For instance, if most of your traffic is from search engines, with a small percentage of direct visitors, chances are you have a weak brand. Focusing on brand building can thus increase direct traffic. Let's take a deeper look at traffic sources:
Search Engines - Google, Yahoo, Live, MSN, AOL, Ask, Altavista, AlltheWeb, Netscape, etc.
Referring Sites - These include directories, links from other websites, blogs and banner ads. By exploring referring URLs you can sometimes learn why users clicked on the link. If particular links send you a lot of qualified traffic that converts, you might want to establish a commercial relationship with that site owner.

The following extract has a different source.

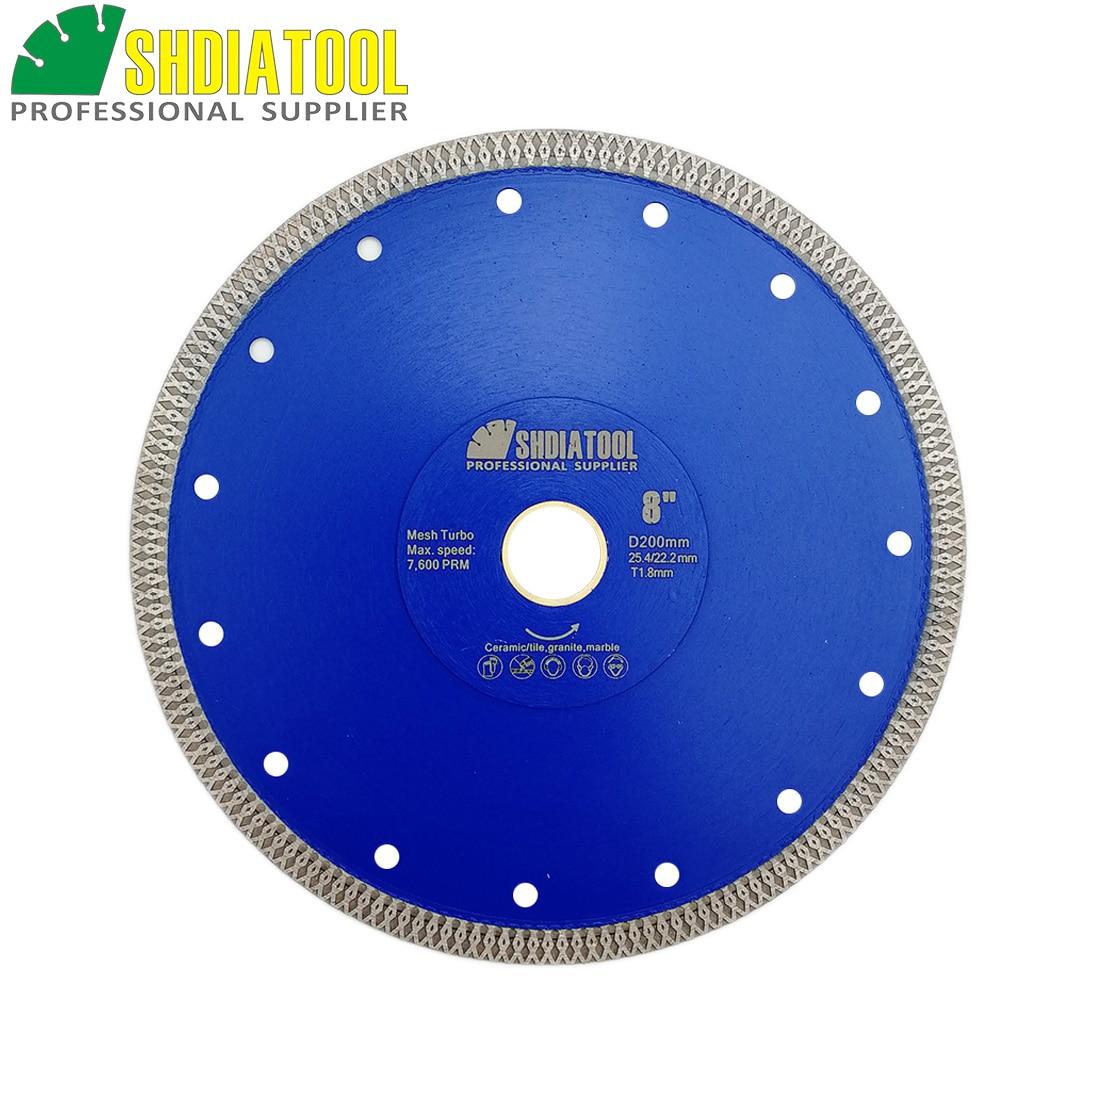 "SHDIATOOL 1pc Dia 8""/200mm Hot pressed sintered X Mesh Turbo Diamond Saw blade circular Wheel Cutting Disc Marble Tile Ceramic"

Direct Traffic - Those are visitors who directly type in your address or land on your pages through a bookmark. This is a sign you have a strong brand. Direct traffic is free and usually converts well.
Bounce Rate
Bounce rate shows how many visitors land on your website (PPC, search, direct, etc), and then click the back button or close the window. Basically they leave without doing anything. The down side of this measurement is that the bounce rate on a site-wide level does not tell you much. You have to drill into each page, measure its bounce rate and only then make conclusions.
Page Level Bounce Rate
Why is measuring bounce rate on the site wide level wrong? You may change the wrong stuff. The site wide bounce rate is an average sum of the bounce rate from all of your pages. One page can be doing well, while another one is not. How do you know which one is doing well and where you need improvement if you only look at your site wide bounce rate?
By exploring each page one by one and by studying bounce rates, you can spot pages that are doing well in terms of this measurement and ones that need changes.